PROBLEM TO WORK ON: Pictures aside, print all of the data below exactly as written.

··· GIVEN DATA

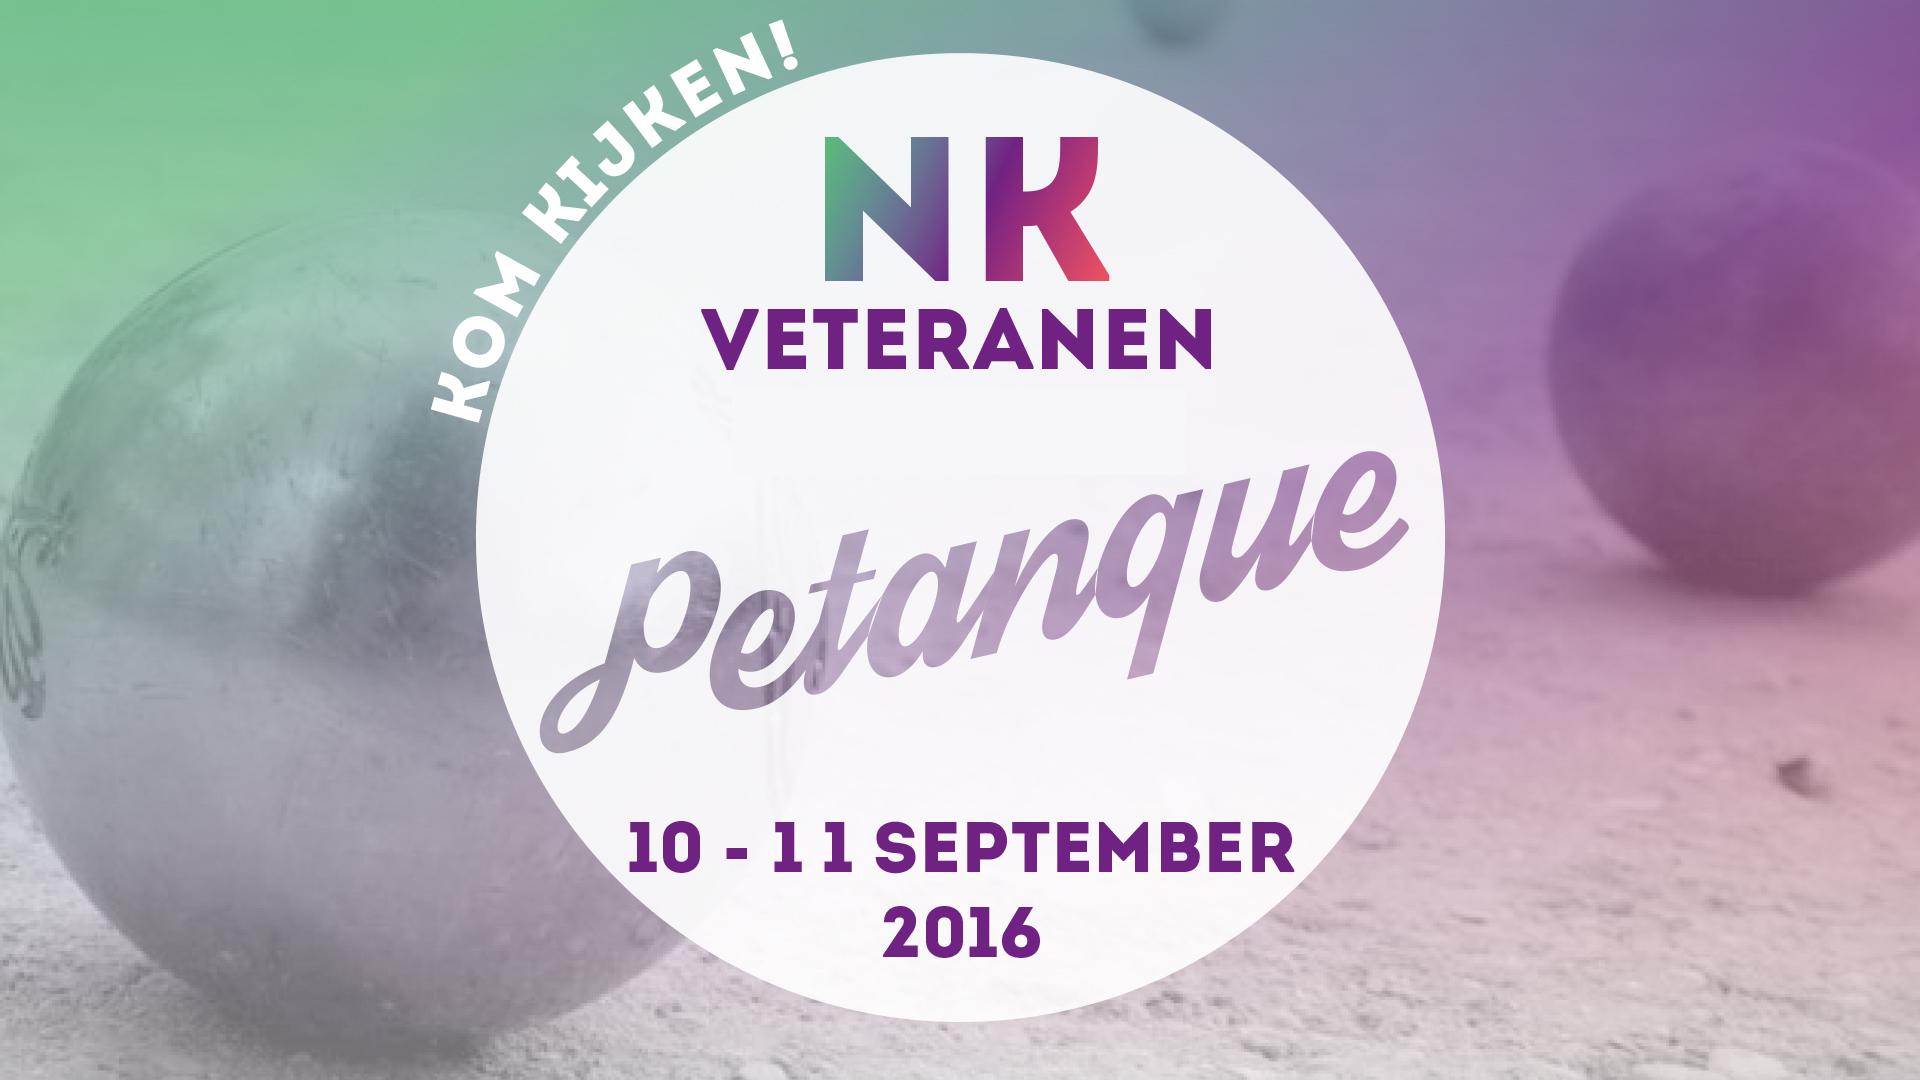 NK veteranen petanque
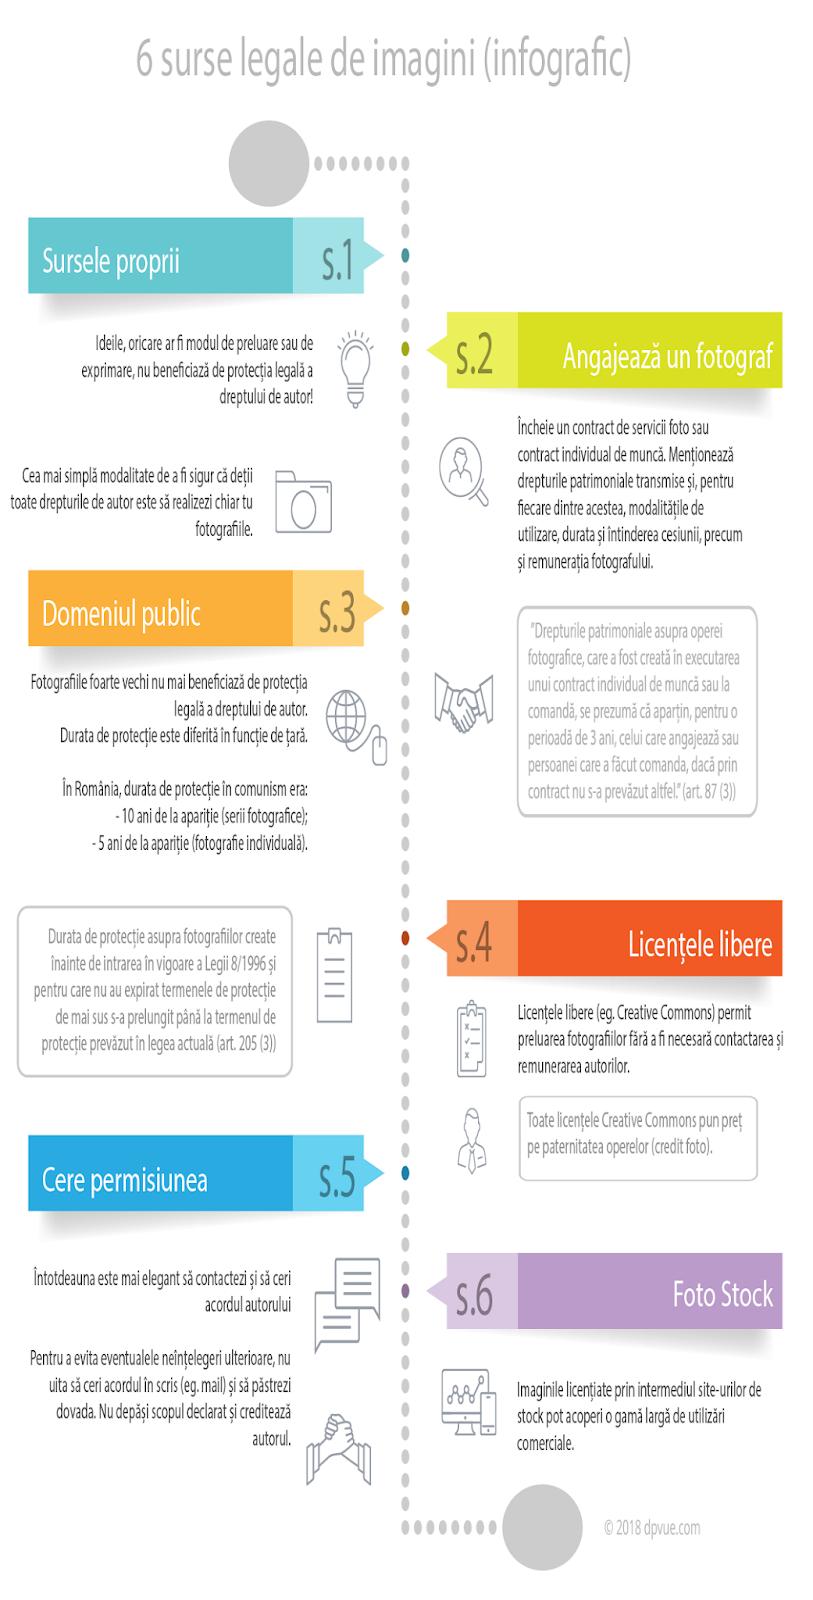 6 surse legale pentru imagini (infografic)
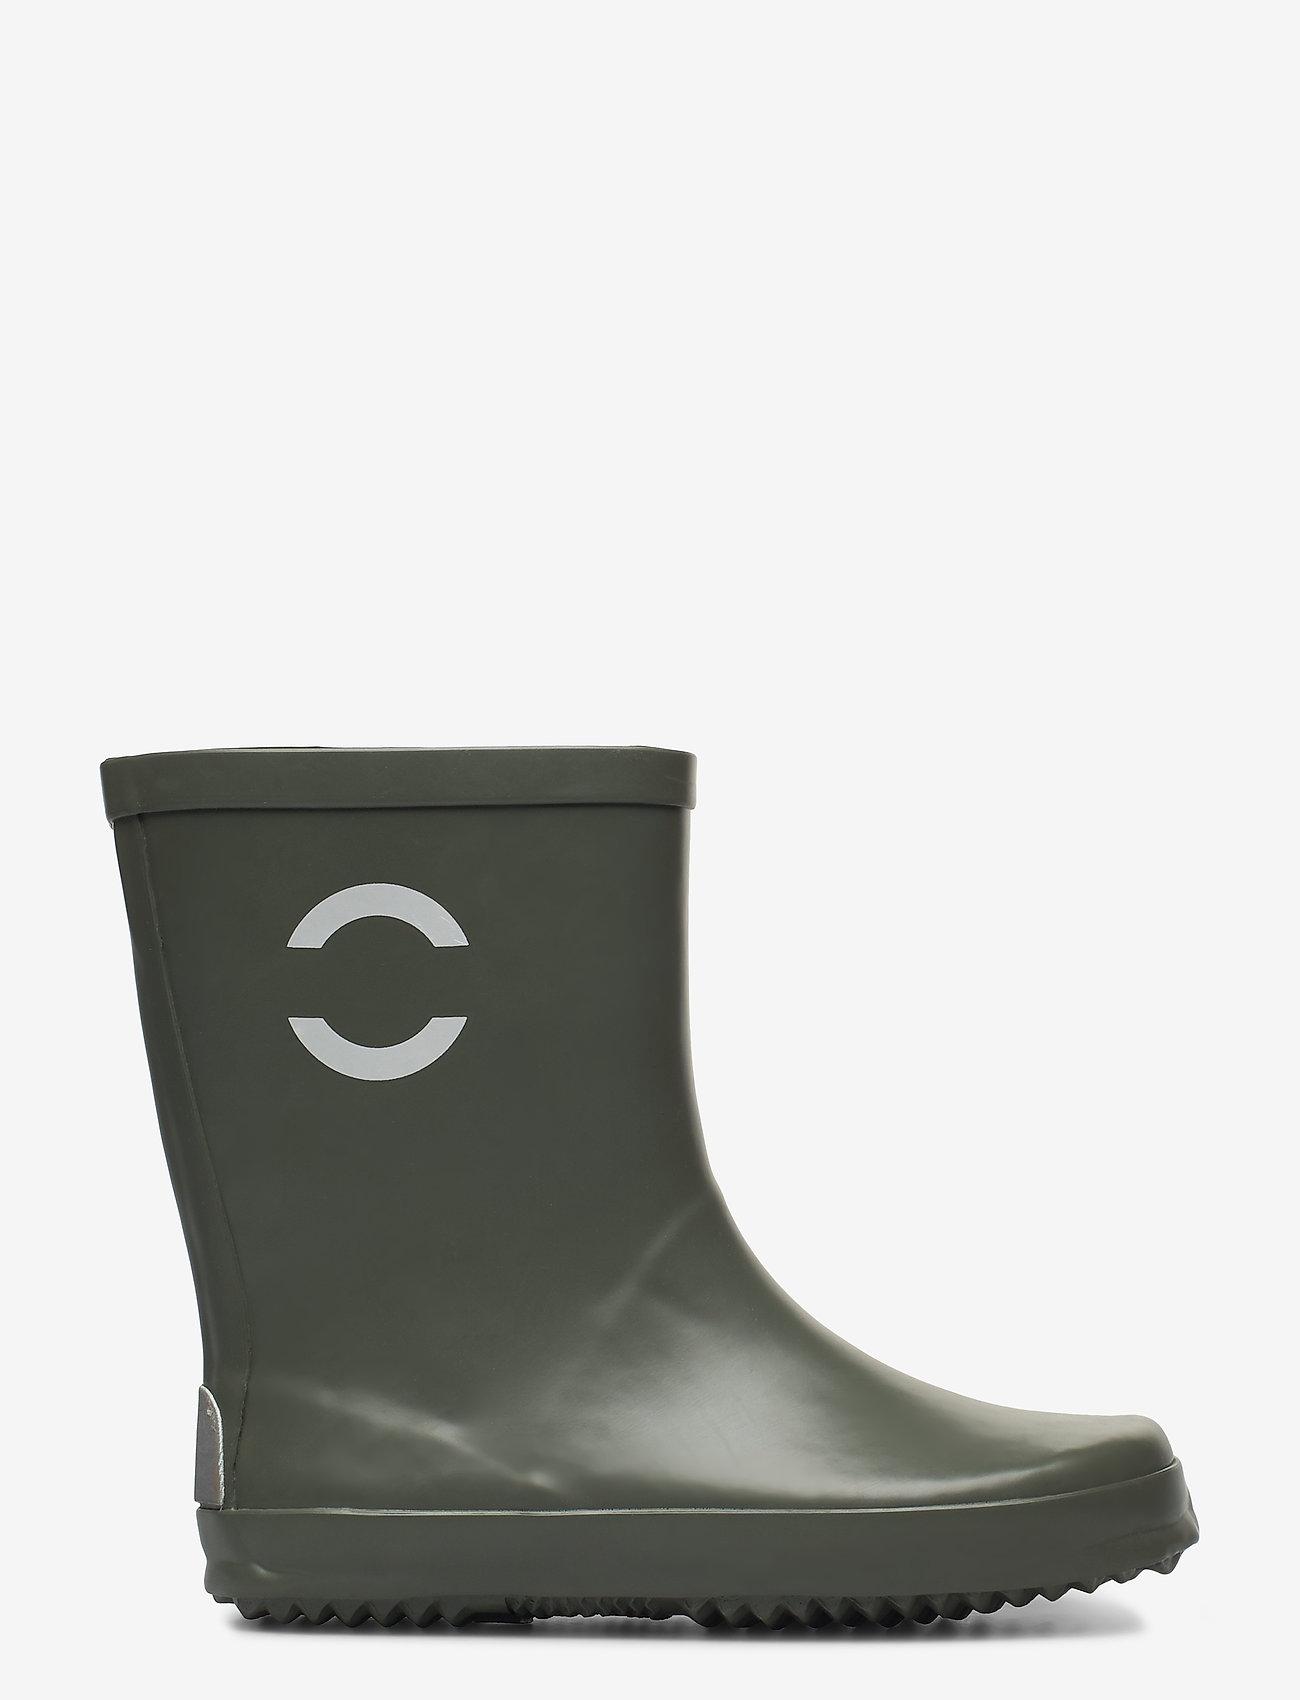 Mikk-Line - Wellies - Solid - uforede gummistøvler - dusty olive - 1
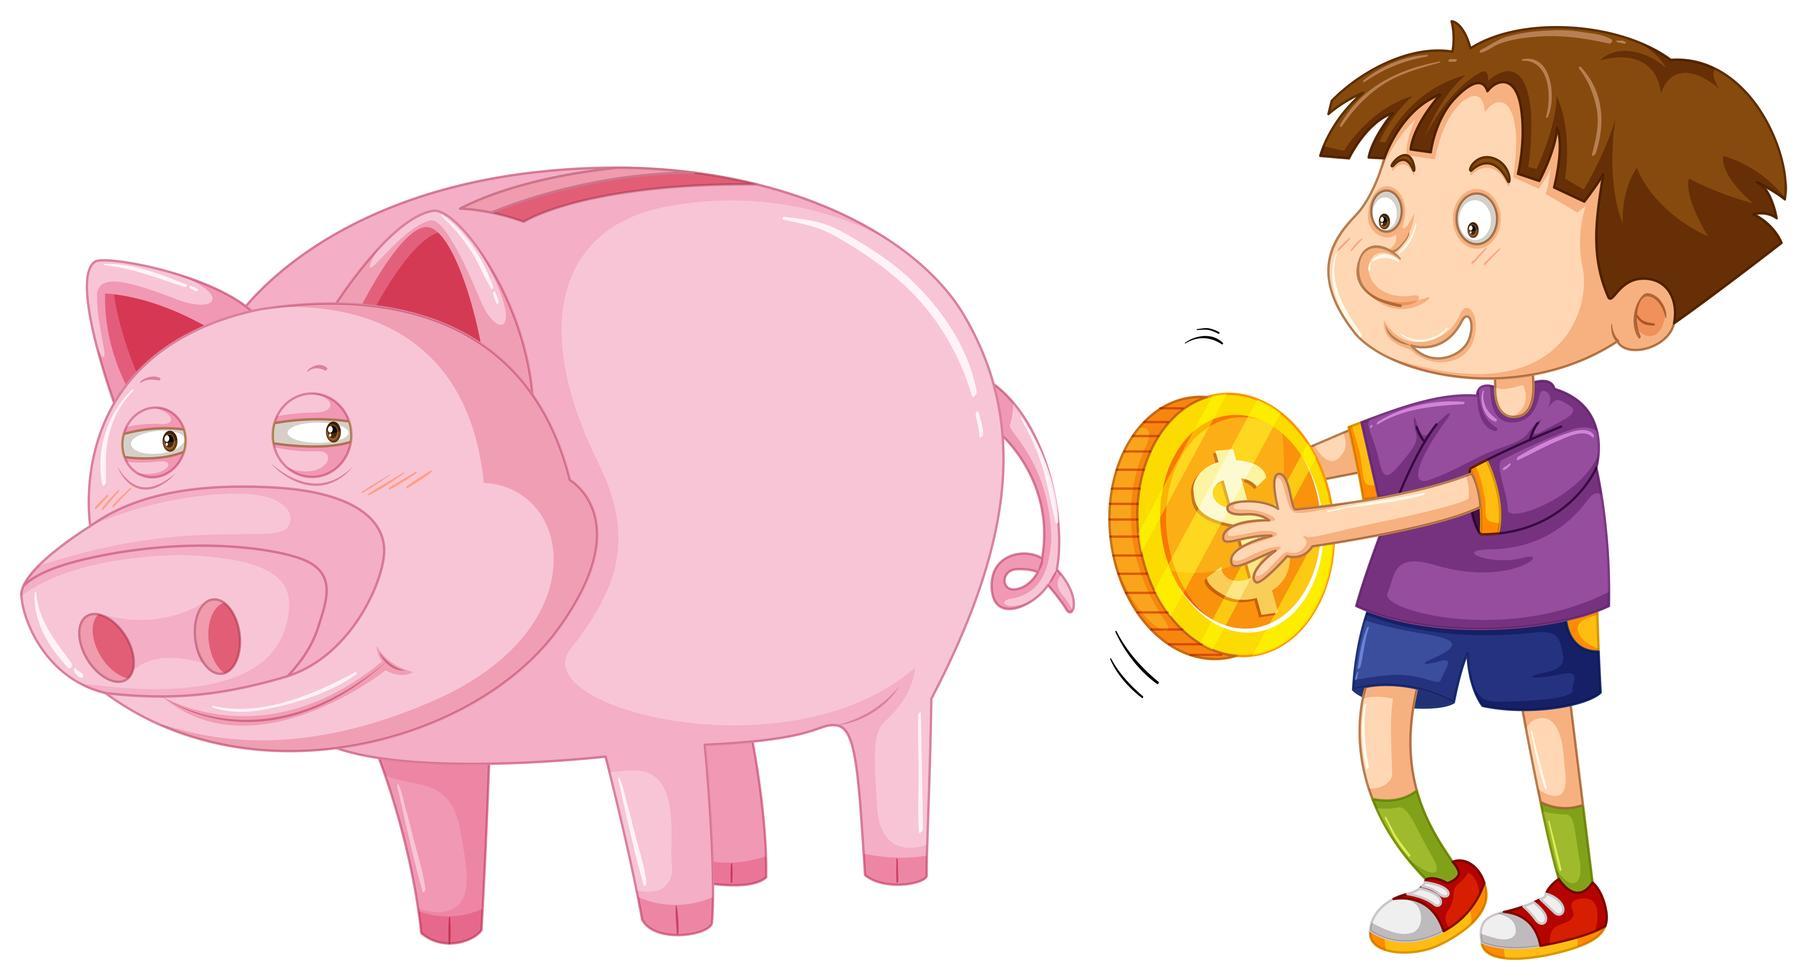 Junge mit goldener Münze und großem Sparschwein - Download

······

RESPONSE AREA:
 NK veteranen petanque
 6 surse legale pentru imagini (infografic)
 Mikk-Line - Wellies - Solid - uforede gummistøvler - dusty olive - 1
 Junge mit goldener Münze und großem Sparschwein - Download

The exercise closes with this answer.